→ **TASK BRIEF**
Whatever lies between the line with "Warnschild am Wald" and the end of the data, both included, must be copied exactly and without pictures.

→ **RECORDED INFORMATION**

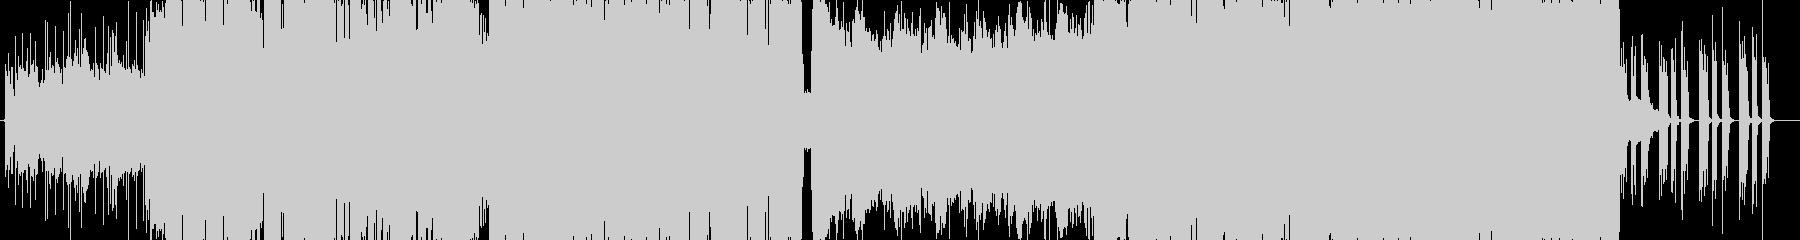 【ダブステップ】EDM・オープニング映像の未再生の波形
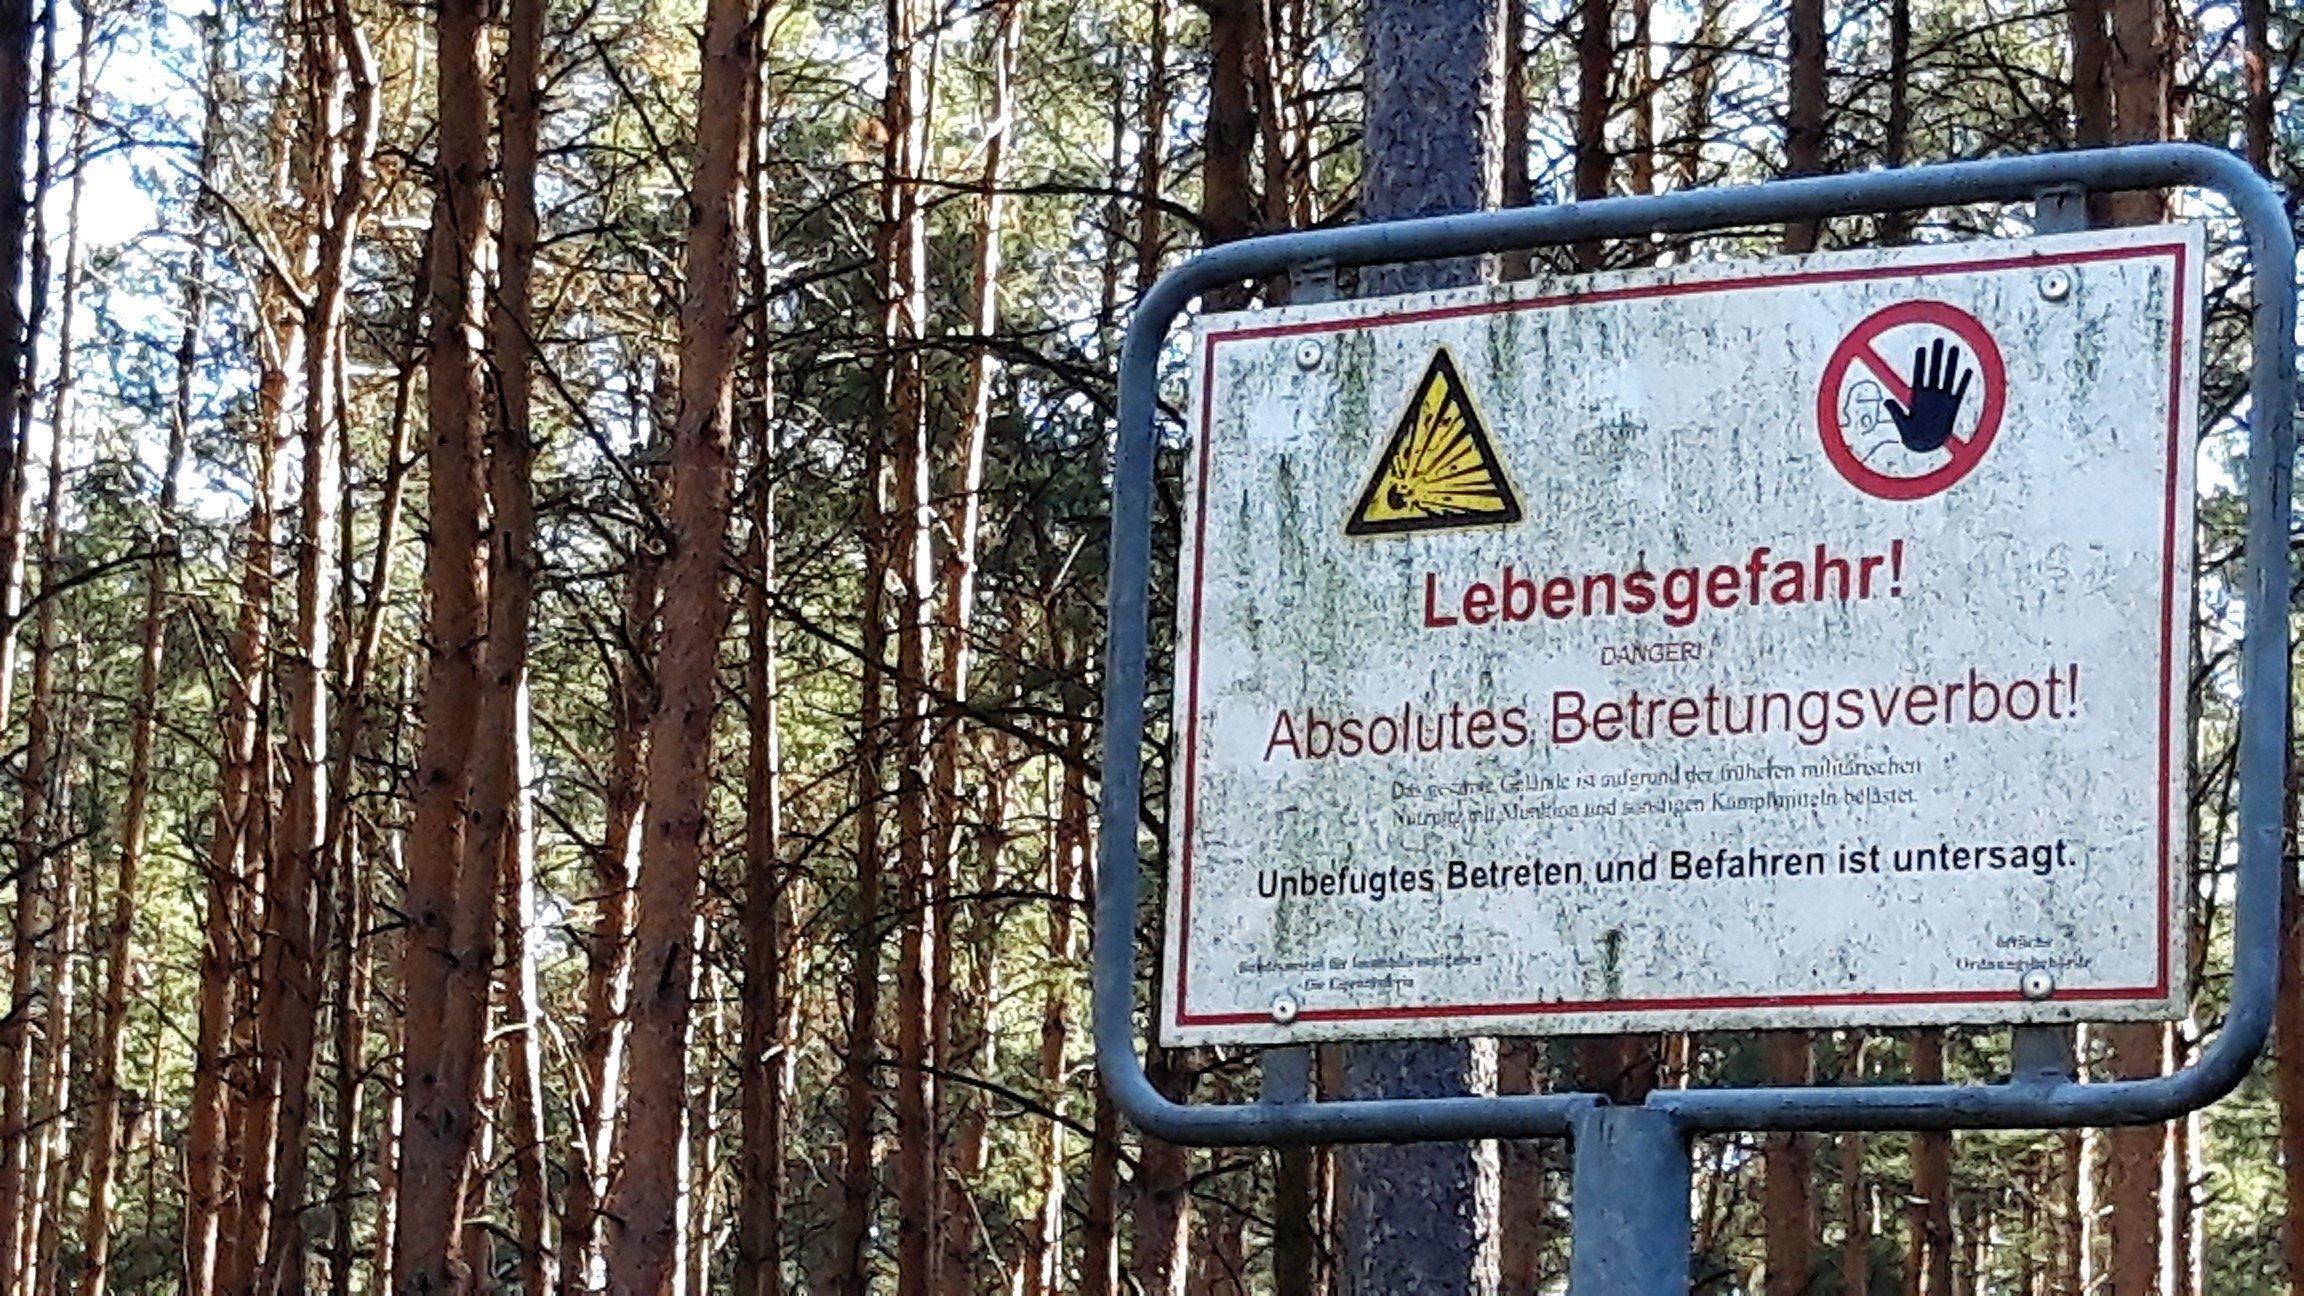 Warnschild am Wald von Lübtheen: Lebensgefahr, absolutes Betretungsverbot! Das gesamte Gelände ist aufgrund der früheren militärischen – nicht lesbar es Wort- mit Munition und sonstigen Kampfmitteln belastet. Unbefugtes Betreten und Befahren ist untersagt.
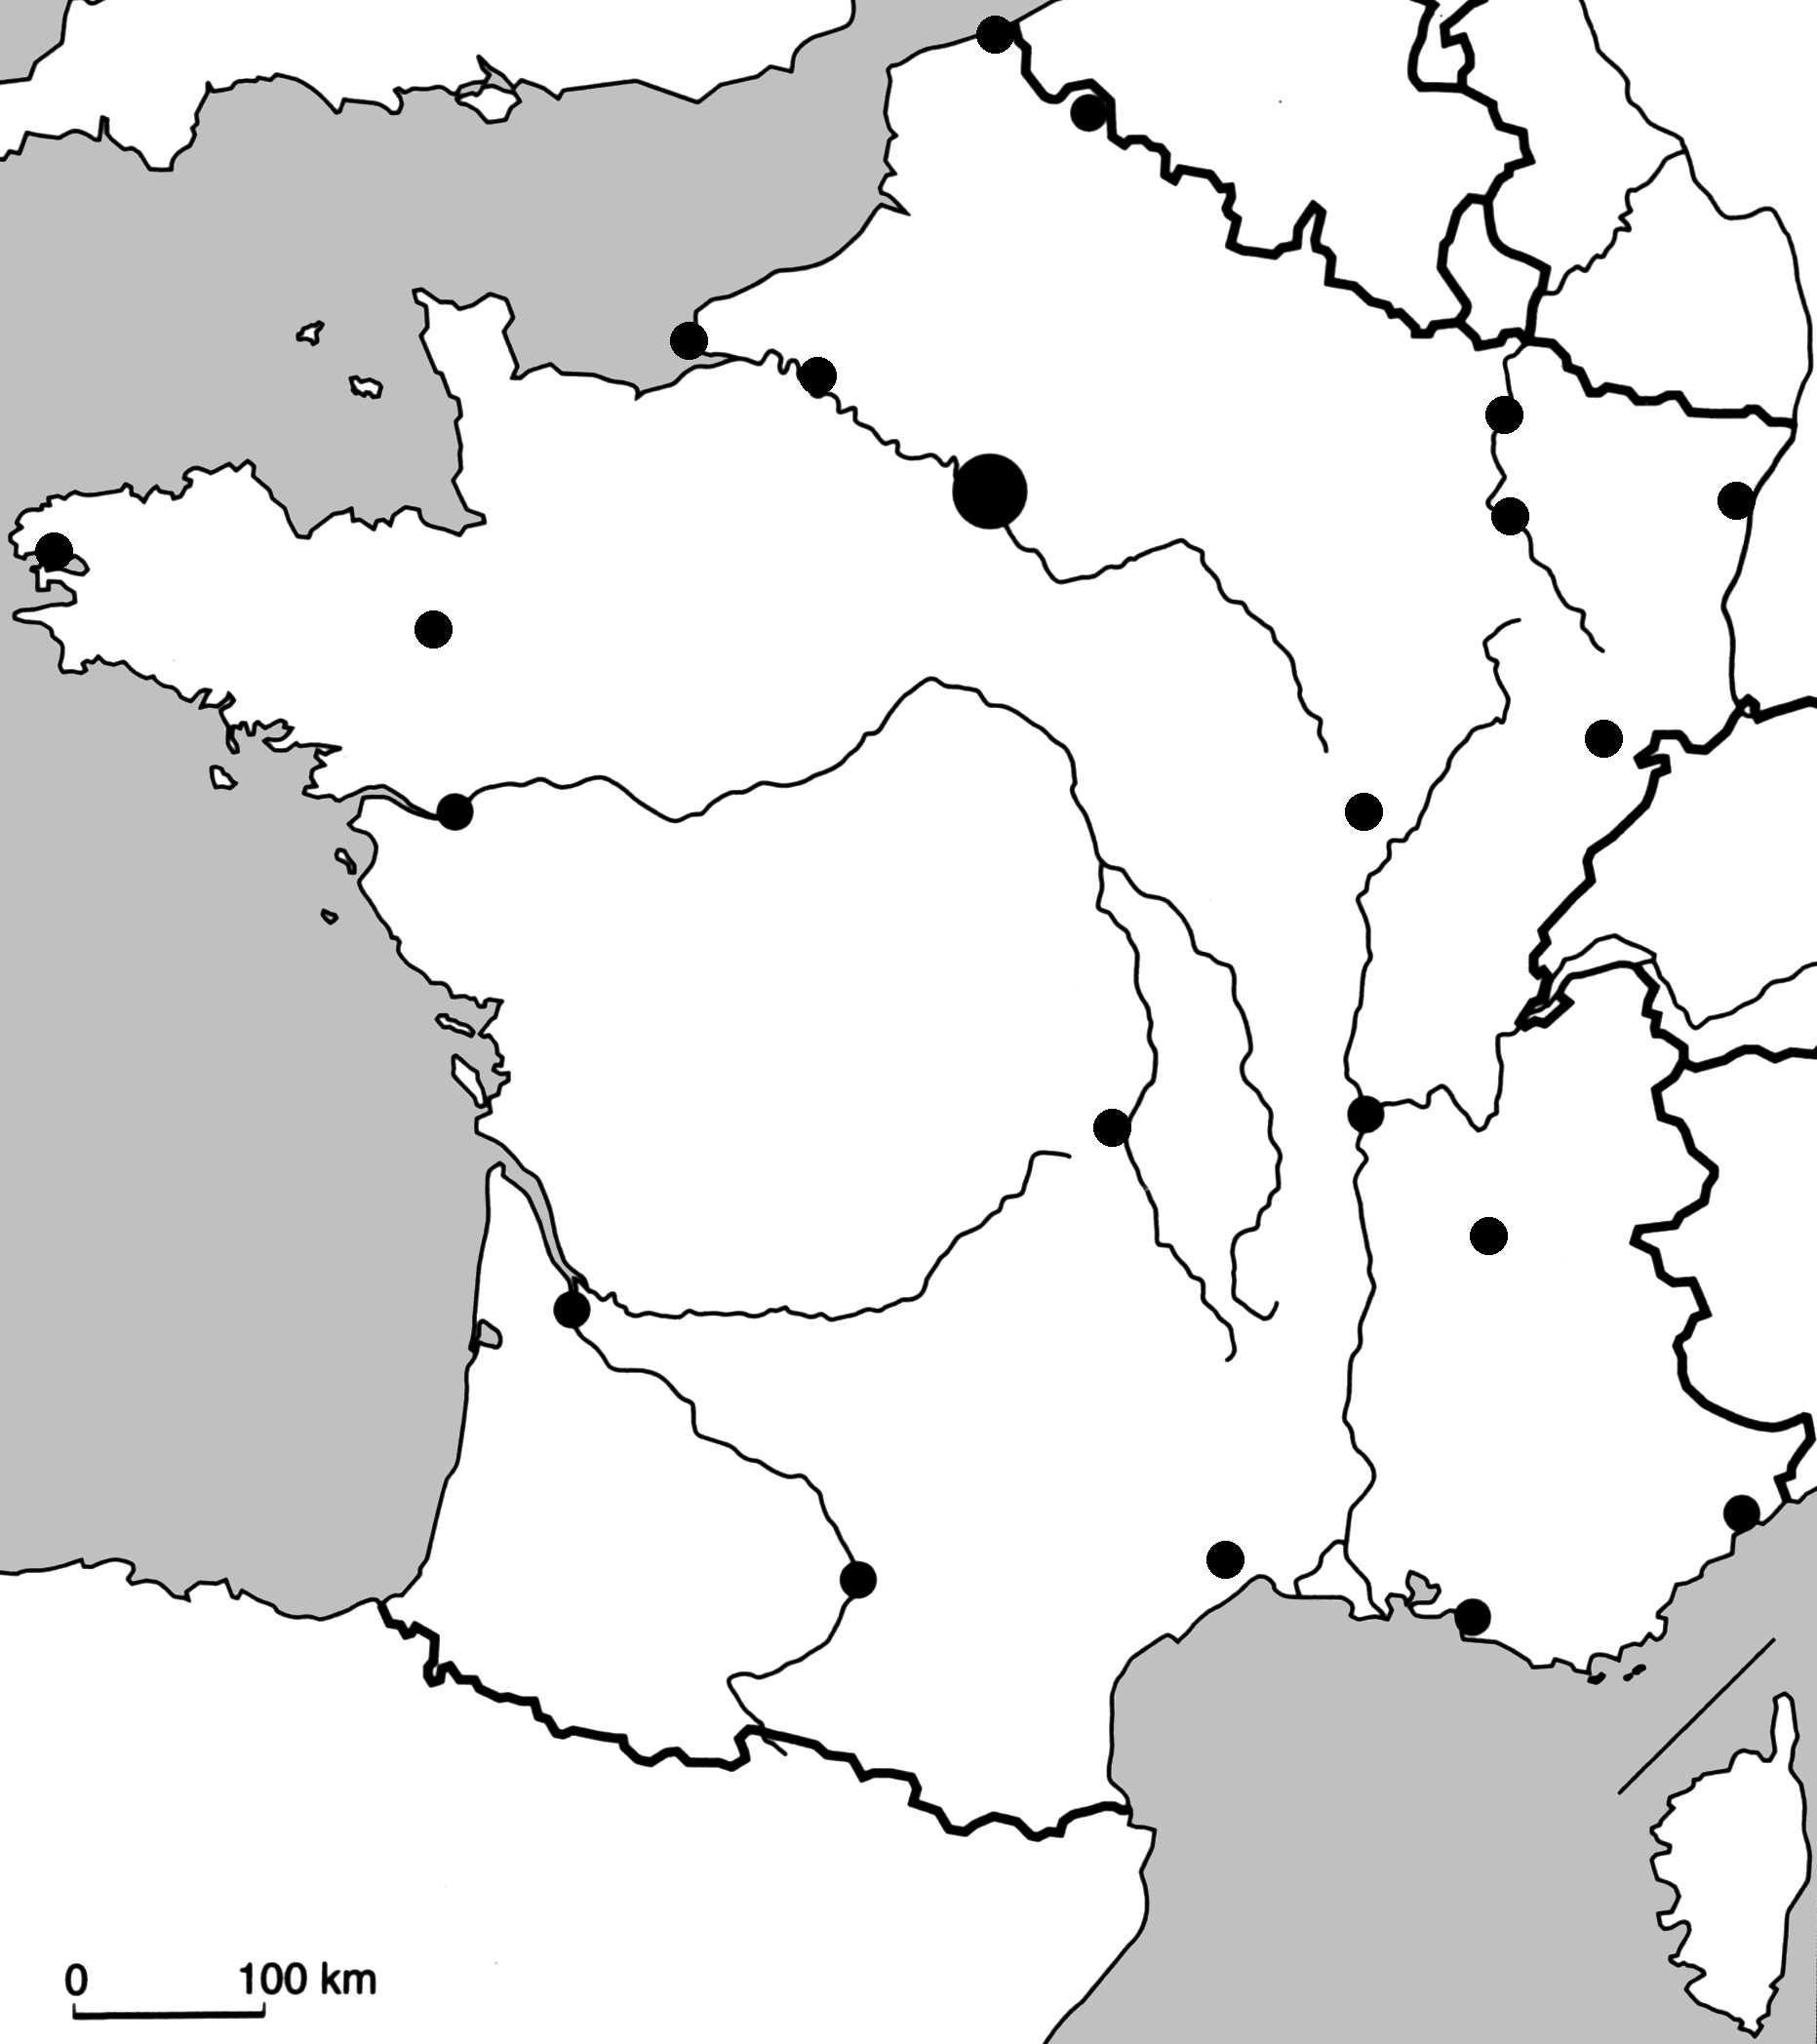 Afficher L'image D'origine | Carte France Vierge, Fleuve De dedans Carte Des Fleuves De France

→ **RESPONSE TO THE EXERCISE**
 Warnschild am Wald von Lübtheen: Lebensgefahr, absolutes Betretungsverbot! Das gesamte Gelände ist aufgrund der früheren militärischen – nicht lesbar es Wort- mit Munition und sonstigen Kampfmitteln belastet. Unbefugtes Betreten und Befahren ist untersagt.
 Afficher L'image D'origine | Carte France Vierge, Fleuve De dedans Carte Des Fleuves De France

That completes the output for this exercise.